- Problem to work on: Word for word, reproduce each line of the data below, omitting every image.

- Data segment:
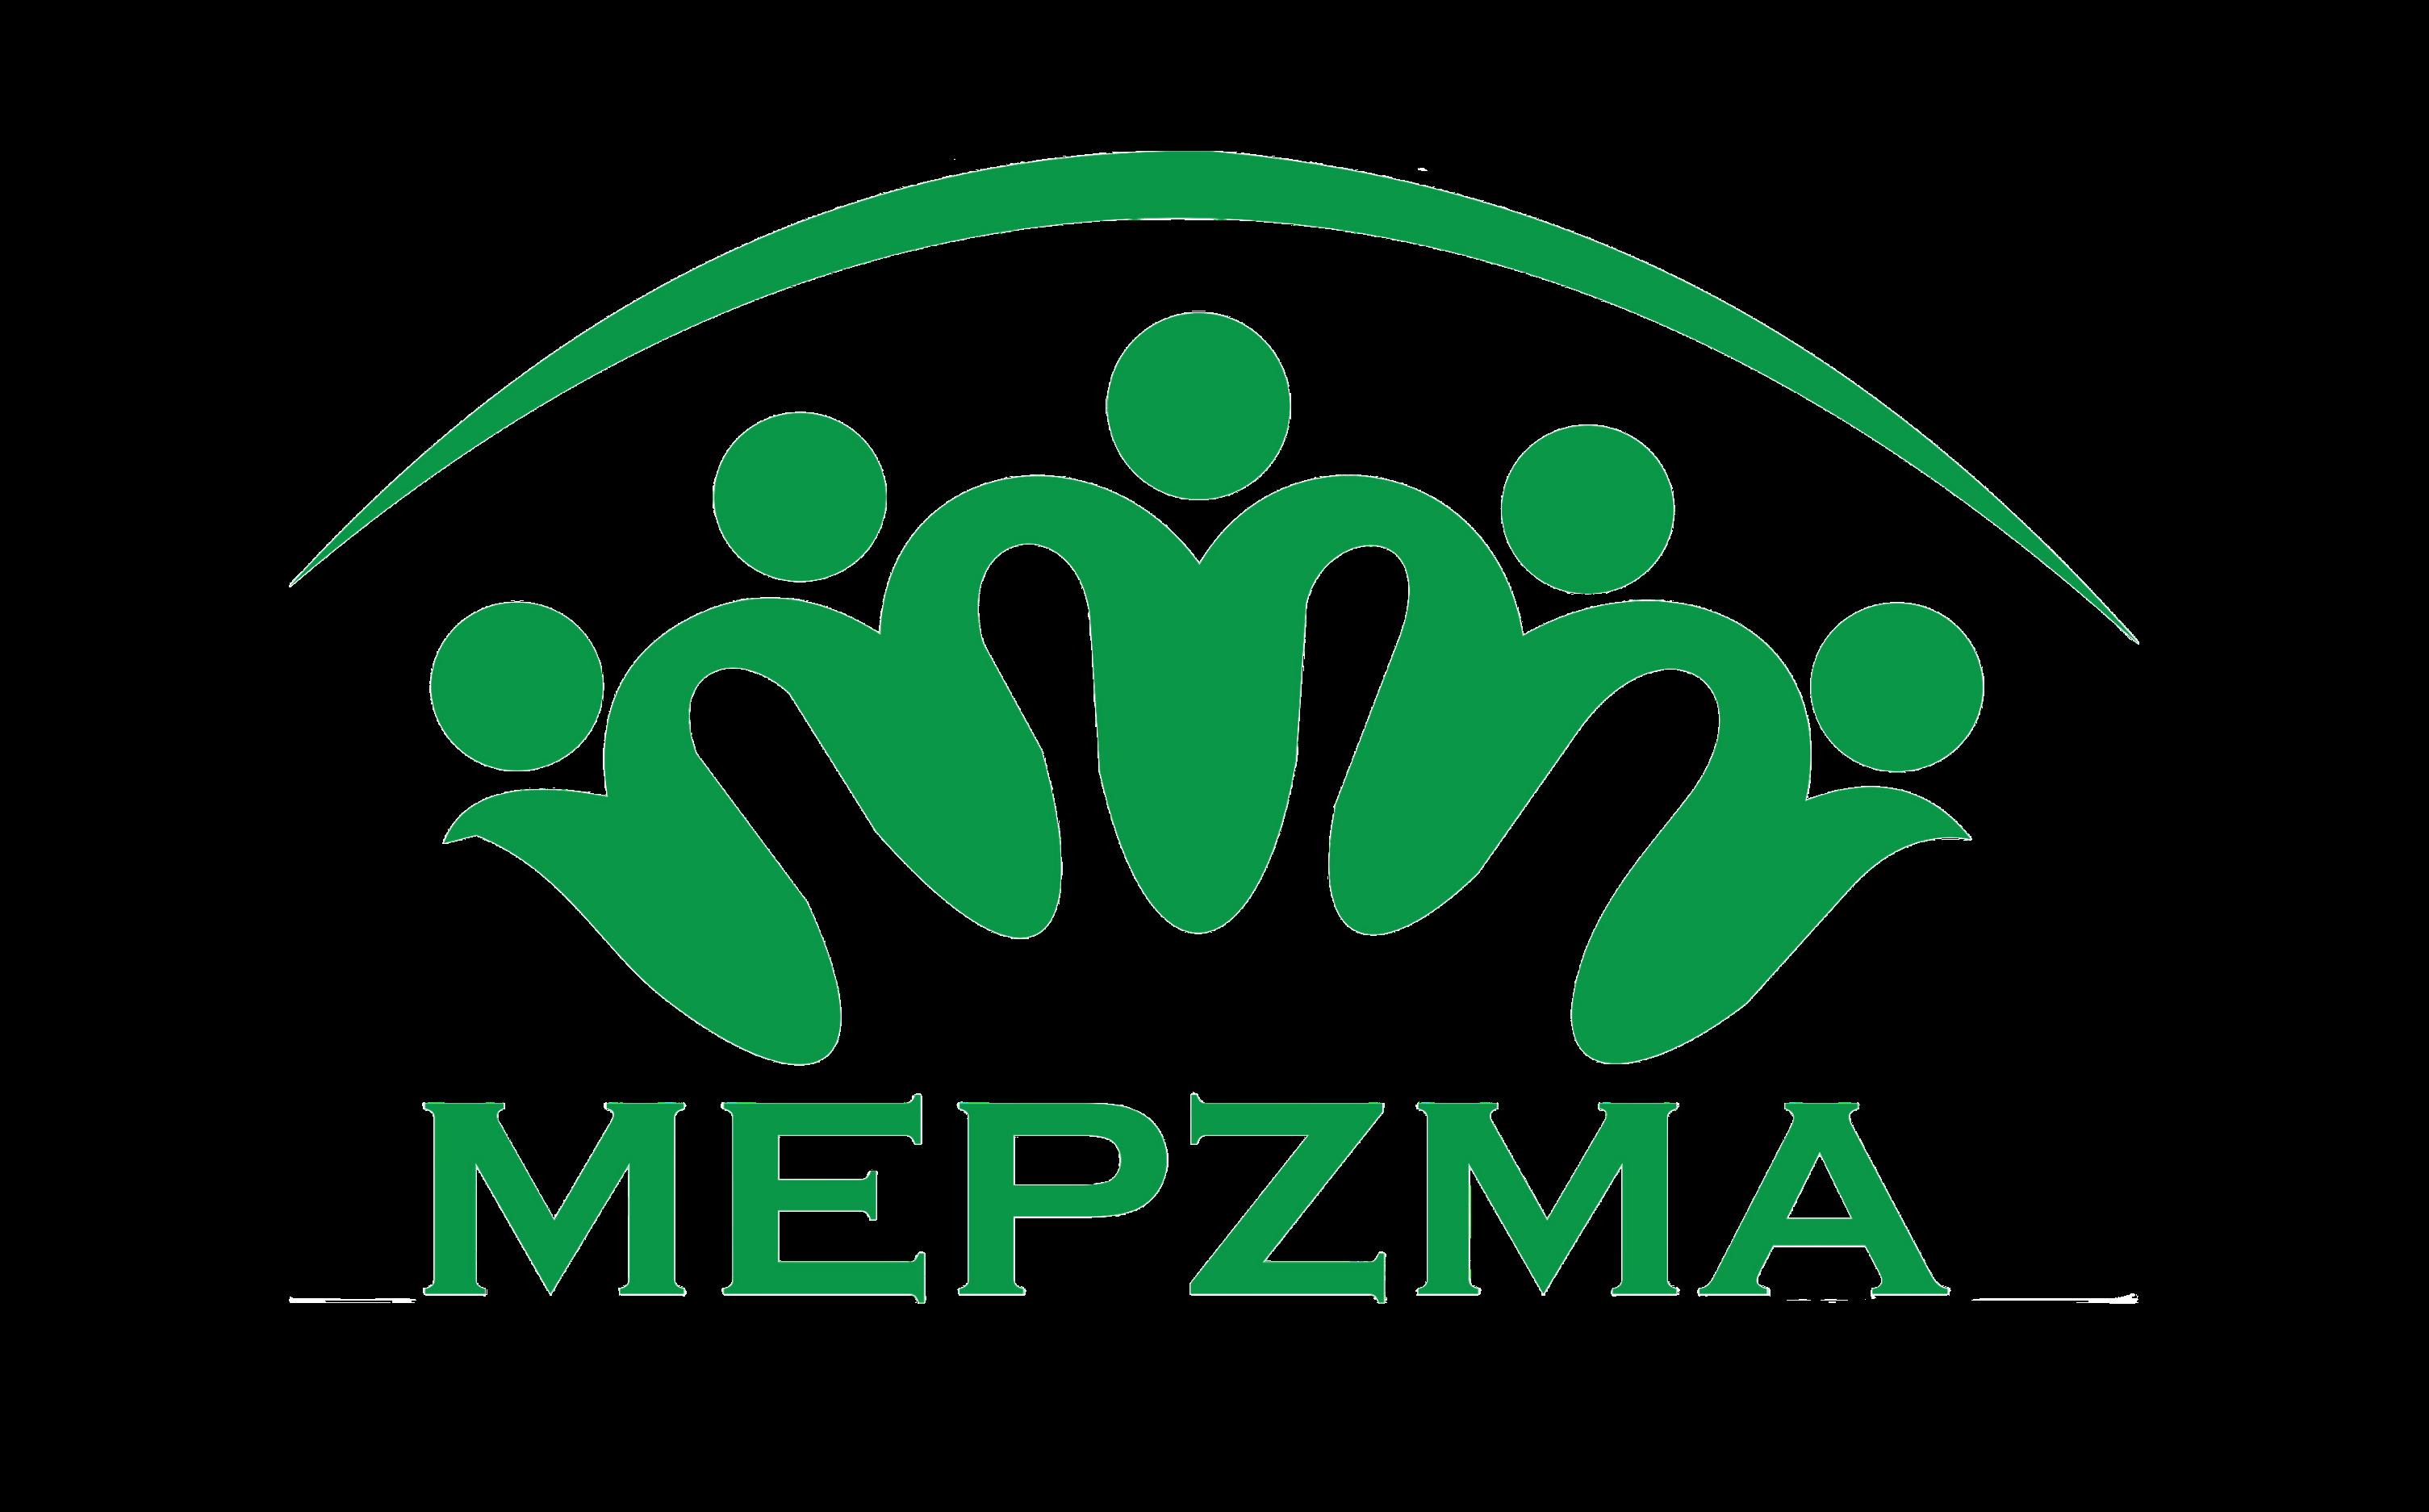 MEPZMA
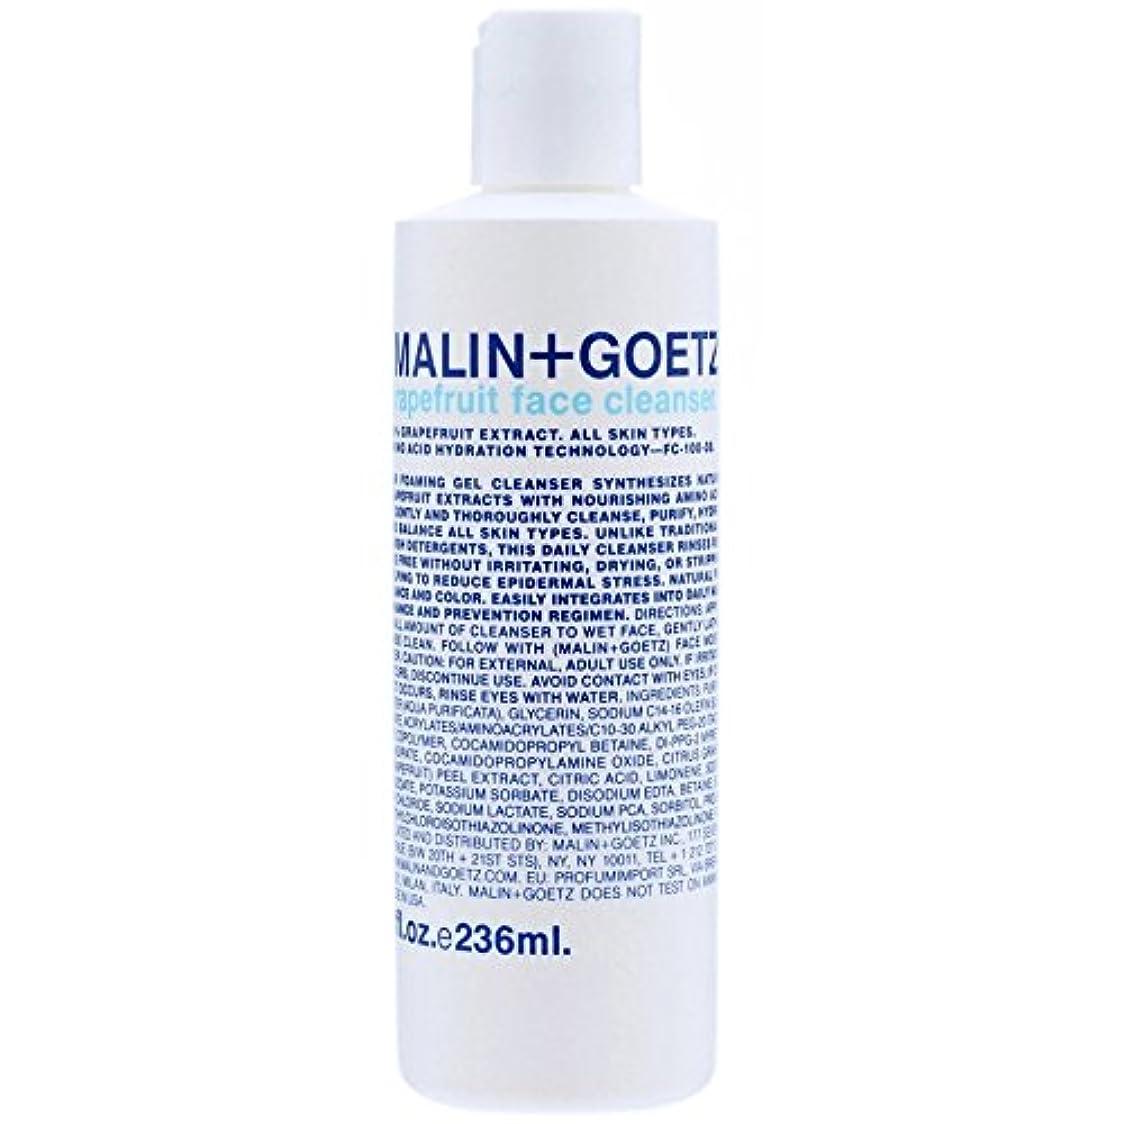 母性良さ治世マリン+ゲッツグレープフルーツフェイスクレンザー x2 - MALIN+GOETZ Grapefruit Face Cleanser (Pack of 2) [並行輸入品]
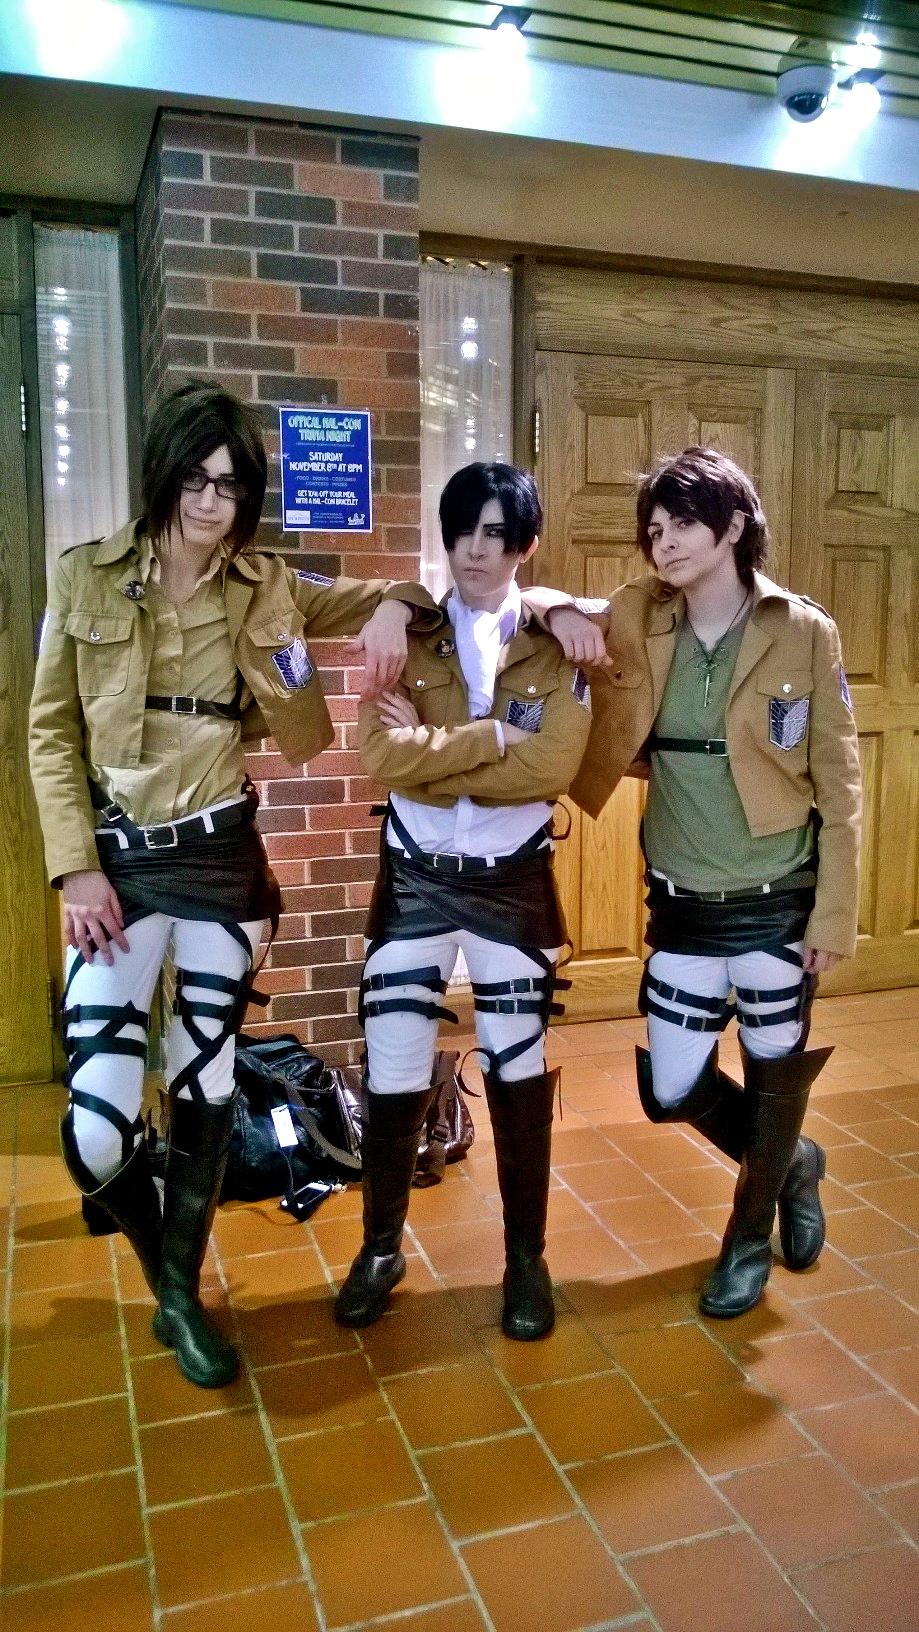 Hanji, Levi & Eren from Attack On Titan
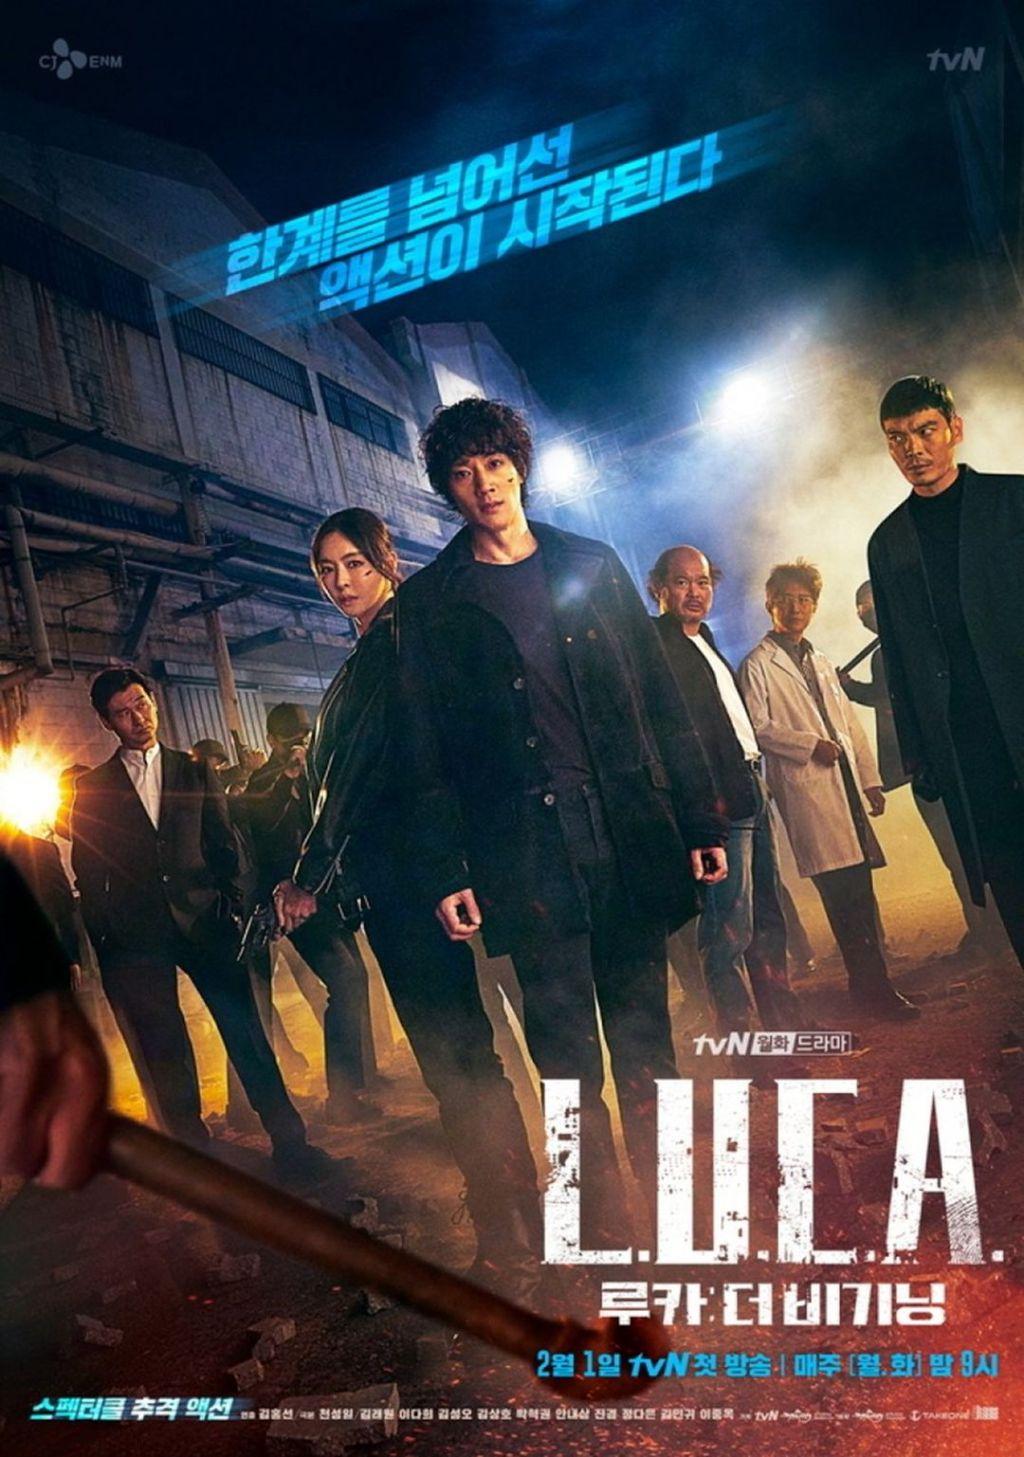 Sinopsis Dan Profil Lengkap Pemeran K-Drama L.U.C.A.: The Beginning (LUCA 2021)

- Response area:
 MEPZMA
 母性良さ治世マリン+ゲッツグレープフルーツフェイスクレンザー x2 - MALIN+GOETZ Grapefruit Face Cleanser (Pack of 2) [並行輸入品]
 Hanji, Levi & Eren from Attack On Titan
 Sinopsis Dan Profil Lengkap Pemeran K-Drama L.U.C.A.: The Beginning (LUCA 2021)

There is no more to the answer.